This investigates whether two techniques would be applicable on ARM:
- Using NOP padding instructions as free space to add tracepoint handlers
- Using relative branch instructions for single-instruction tracepoints, which have a maximum range of 32 MB, to jump outside of the text segment space
- Python 3
- Pip packages:
Place binaries to analyse in the binaries
directory, with subdirectories named for each architecture. For example:
binaries
├── coreutils
│ ├── amd64
│ │ └── <binaries>
│ ├── arm64
│ │ └── <binaries>
│ └── armhf
│ └── <binaries>
├── firefox
│ ├── amd64
│ │ └── <binaries>
│ ├── arm64
│ │ └── <binaries>
│ └── armhf
│ └── <binaries>
└── firefox_libs
├── amd64
│ └── <binaries>
├── arm64
│ └── <binaries>
└── armhf
└── <binaries>
./main.py
size -B **/arm64/* > arm64-sizes.txt
size -B **/armhf/* > armhf-sizes.txt
The analyzed binaries are the release builds of binaries from the GNU Coreutils, Firefox, and cross-arch Firefox shared objects. These were extracted from the Ubuntu 18.04 .deb
packages meant for the ARMv7 (armhf), ARMv8 (arm64), and x86 (amd64) architectures.
The Capstone library was then used to disassemble each binary, count the total number of non-data instructions and calculate the percentage of NOP instructions. Even though data sections of the ELF were avoided by Capstone, it is possible that certain non-text segments may have been included in the analysis. This may sometimes appear as add
instructions on ARM, for instance, which reduces the percentage of NOP instructions. However, the raw number of NOP instructions remains much lower on ARMv8 (and is near 0 for ARMv7) when compared to x86.

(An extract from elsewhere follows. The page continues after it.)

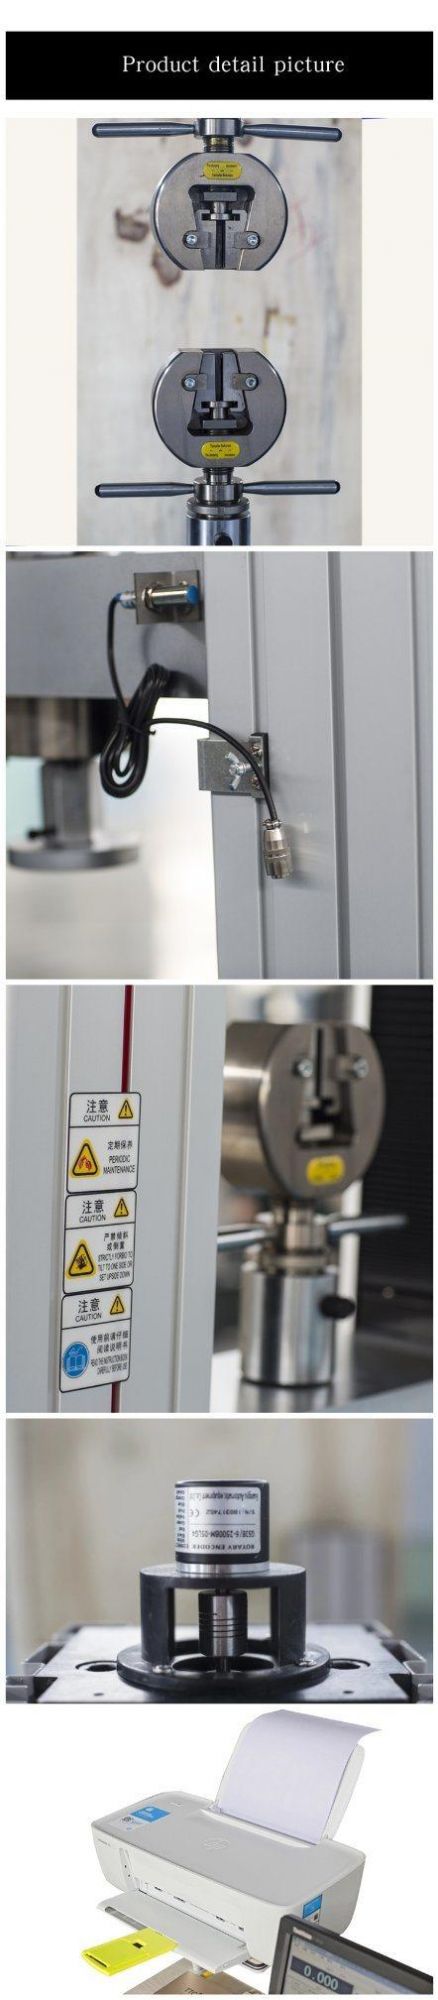 Wdw-100d Computer Controlled Tensile Strength Test Electronic Universal Testing Machine for Laboratory

NOP instructions are much less common in ARMv7 (armhf) and ARMv8 (arm64) binaries when compared to their x86 (amd64) counterparts. The figure below shows the average percentage of NOP instructions for binaries of each architecture.
The exact number of NOP instructions for each binary can be found in the nop-analysis-output.txt
file.
Since the frequency of NOP instructions is much smaller on ARM than on x86, techniques based on the use of NOP instructions to add tracepoint handlers (such as Anas Balboul's NOProbe) seem ill-suited for ARM.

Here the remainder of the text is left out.